• [Exercise details]: Look below for the line that has "JEE 2020 top students"; output exactly from it through the line that has "New 2019 Pro", and leave the pictures out.

• [Exercise inputs]:
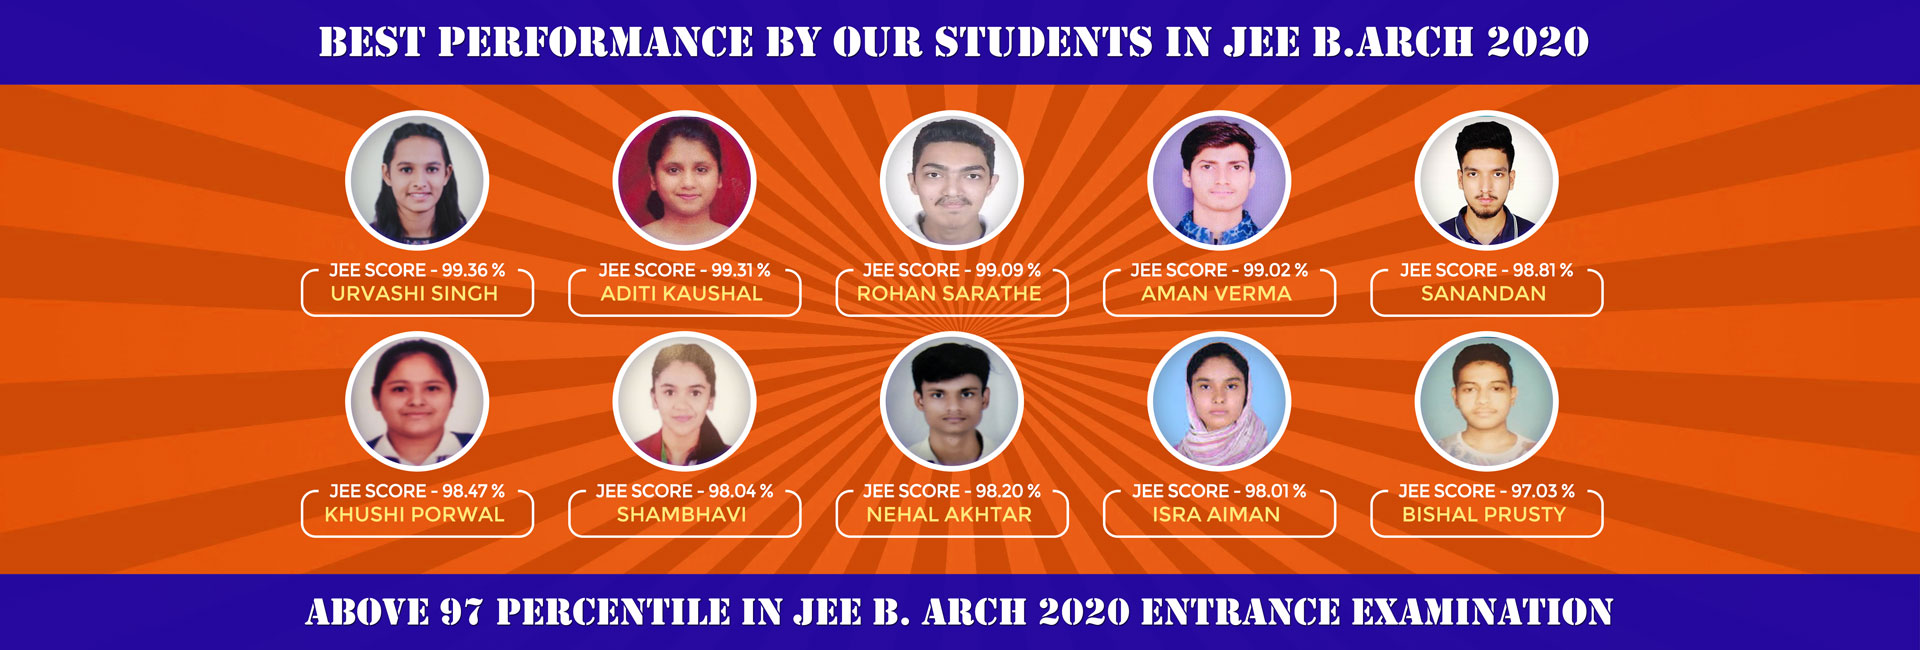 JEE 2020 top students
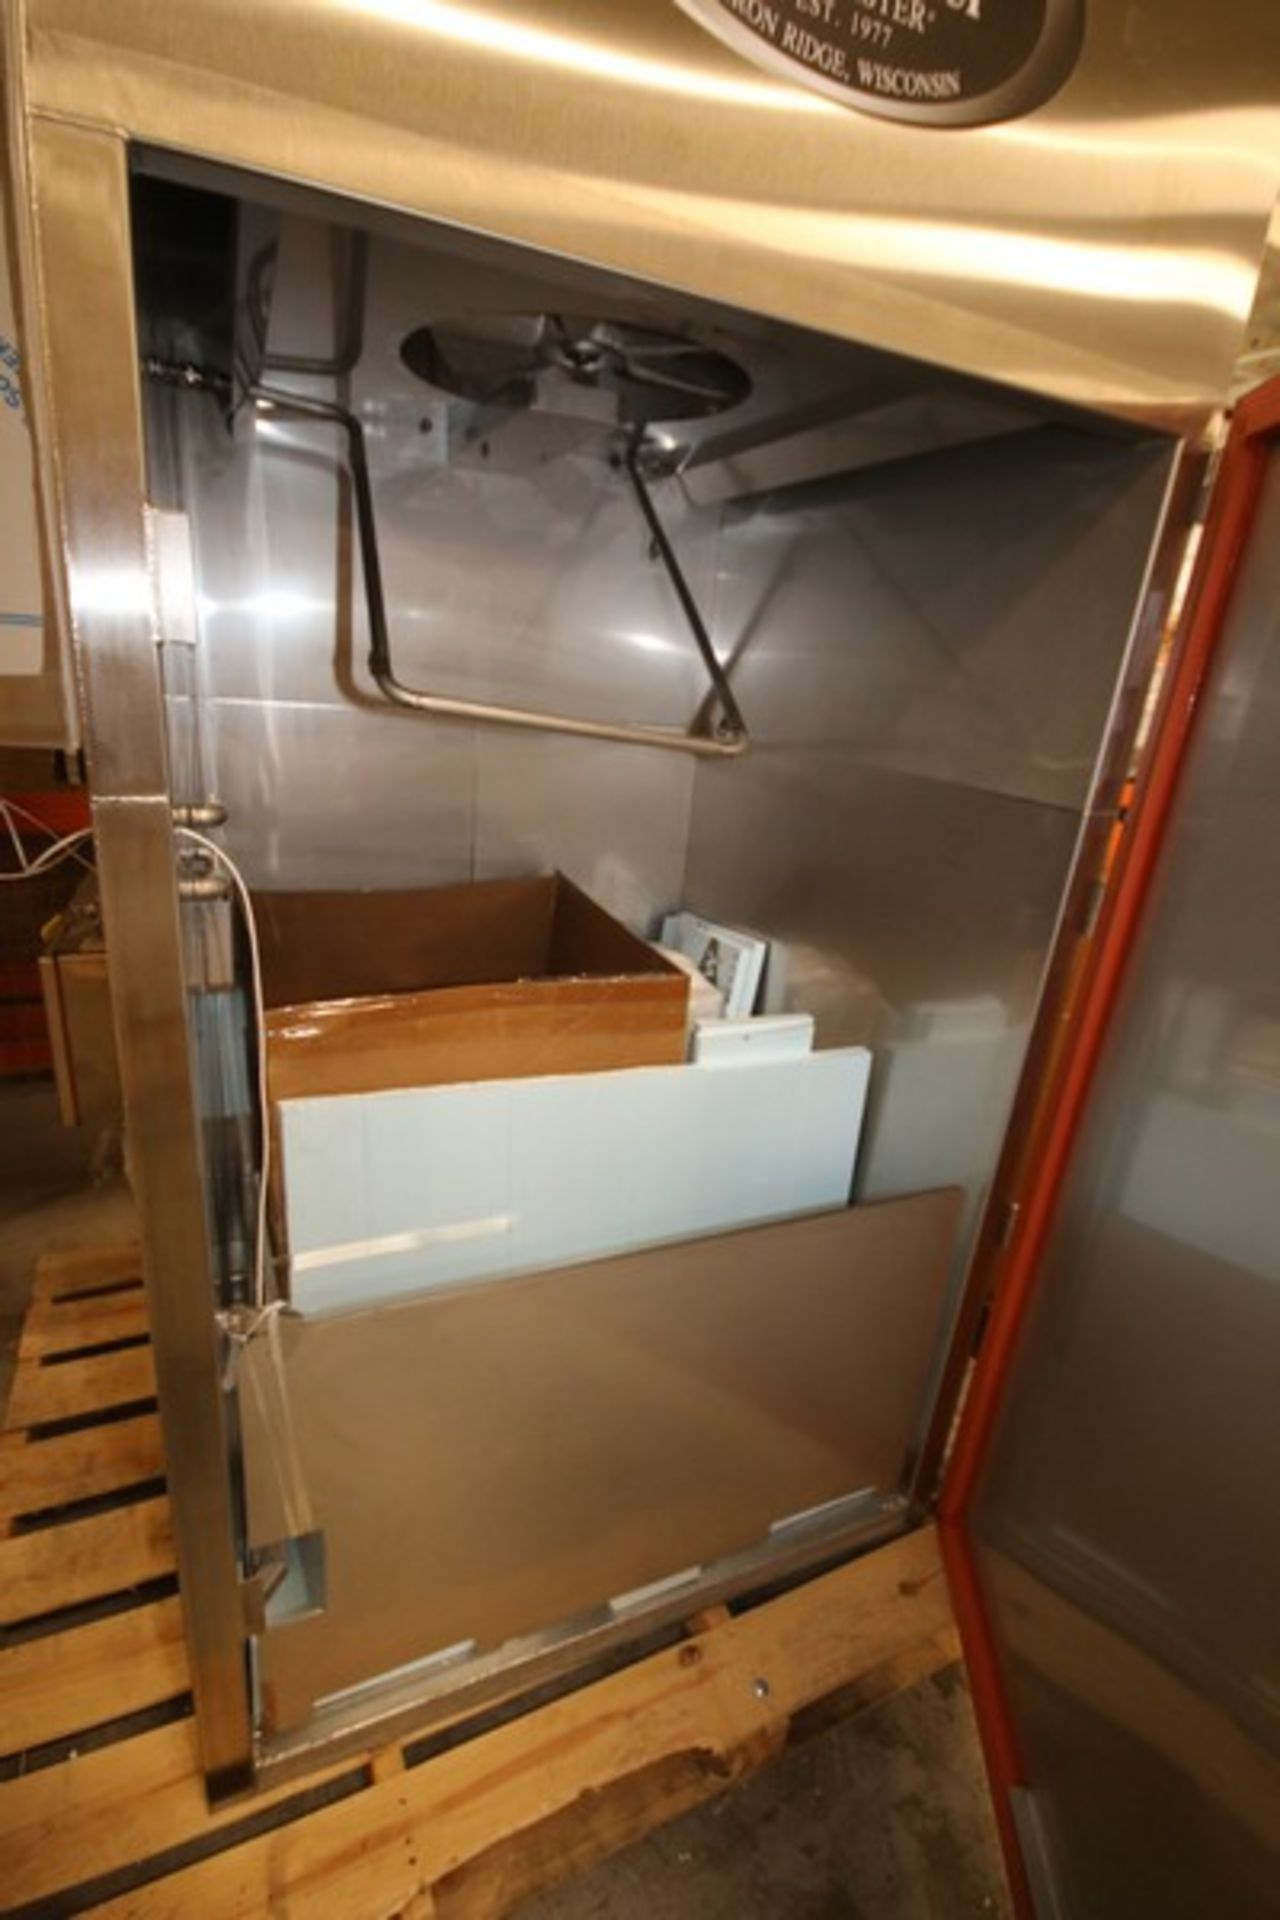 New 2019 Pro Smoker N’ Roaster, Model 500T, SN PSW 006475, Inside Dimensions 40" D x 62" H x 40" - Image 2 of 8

...

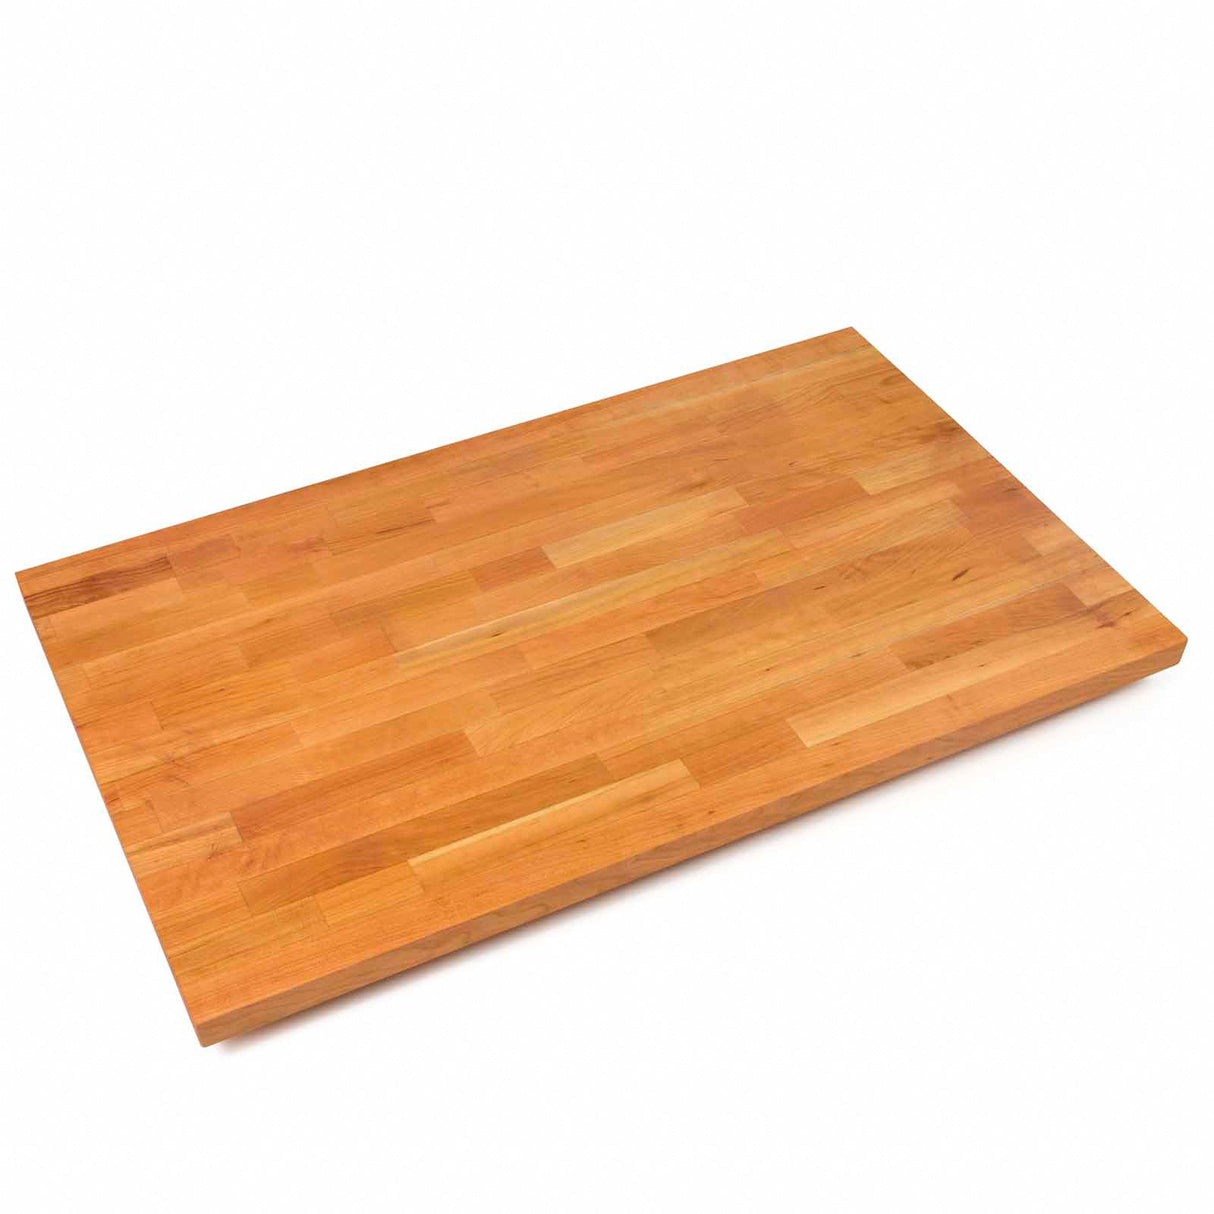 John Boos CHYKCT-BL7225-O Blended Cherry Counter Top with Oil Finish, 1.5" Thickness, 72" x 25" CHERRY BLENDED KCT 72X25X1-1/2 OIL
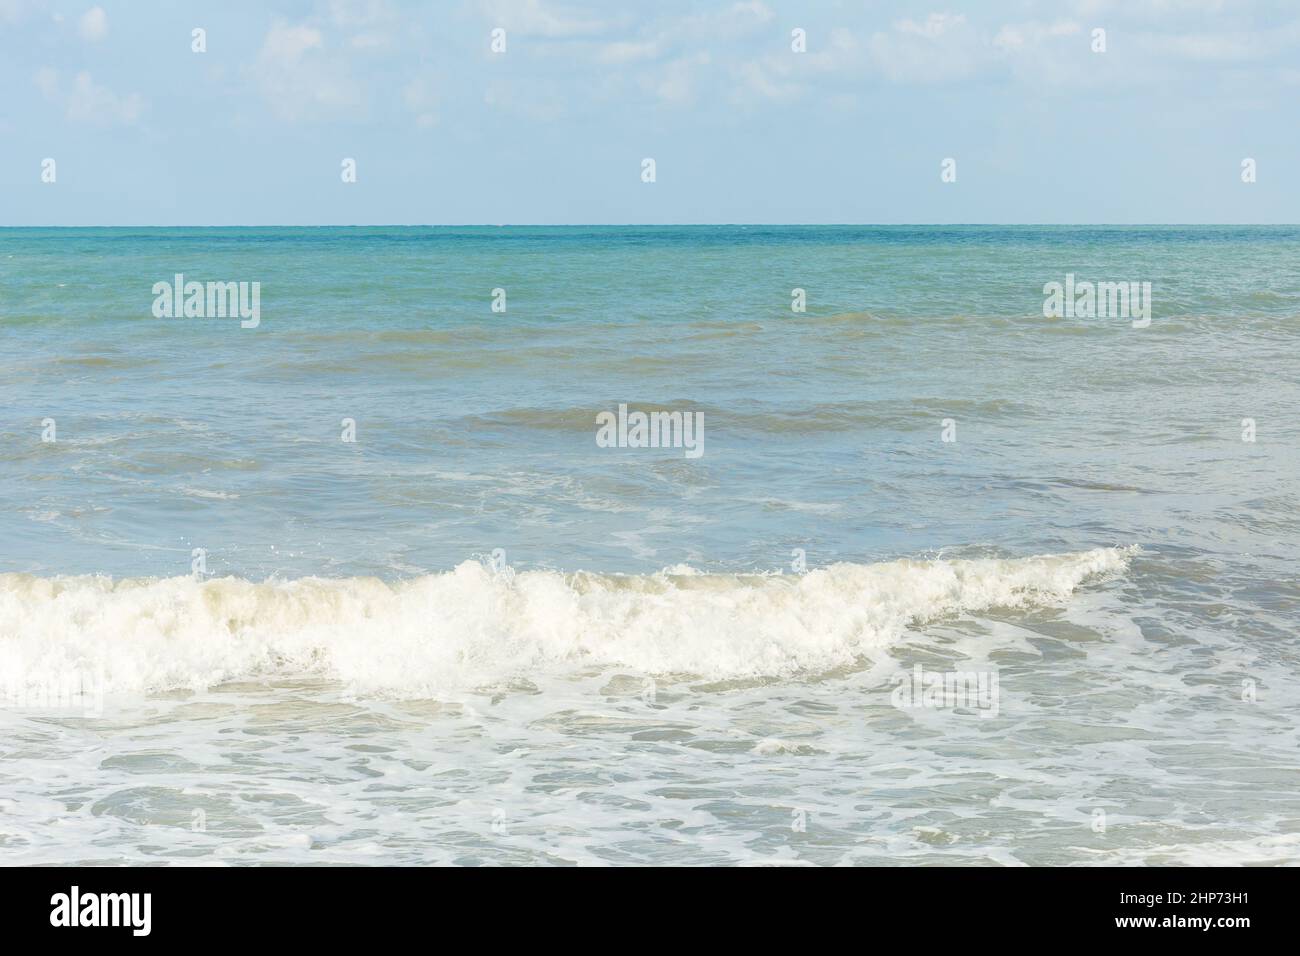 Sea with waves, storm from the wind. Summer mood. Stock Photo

* * *

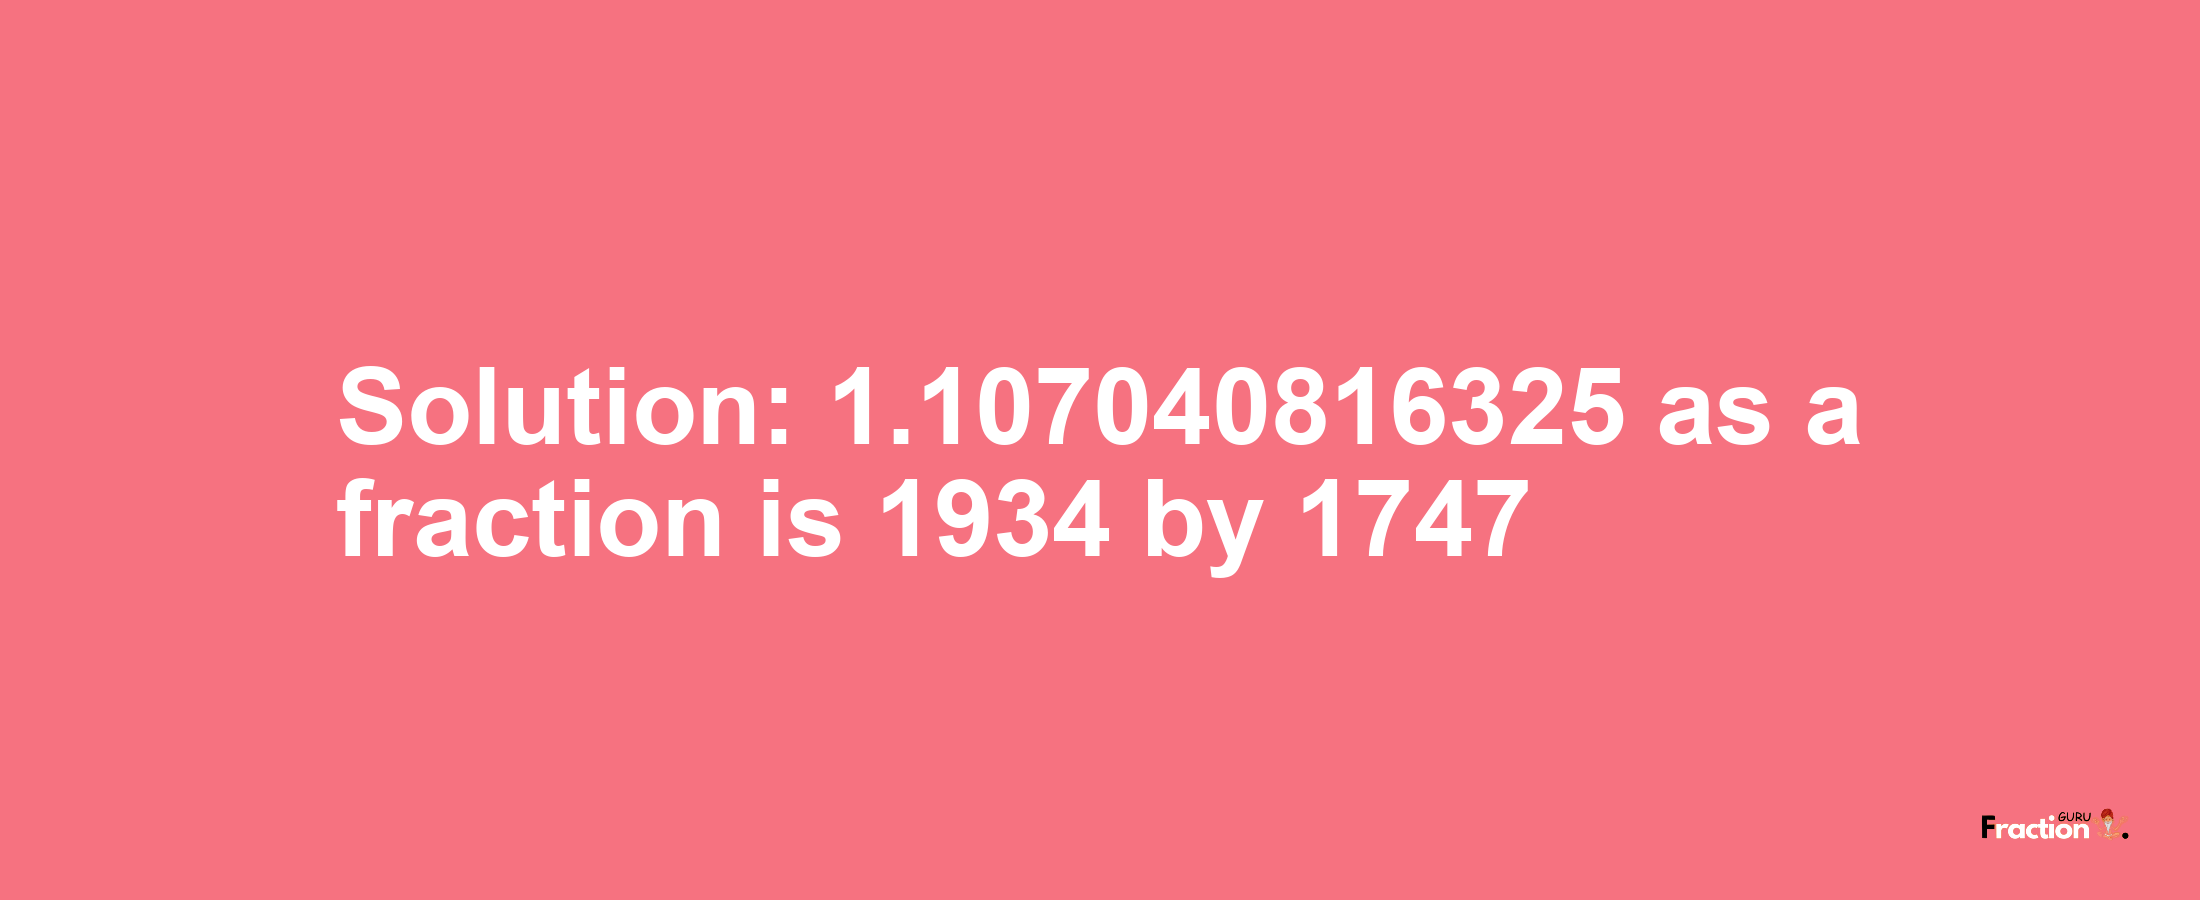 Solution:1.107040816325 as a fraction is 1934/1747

• [Output for this task]:
 JEE 2020 top students
 New 2019 Pro Smoker N’ Roaster, Model 500T, SN PSW 006475, Inside Dimensions 40" D x 62" H x 40" - Image 2 of 8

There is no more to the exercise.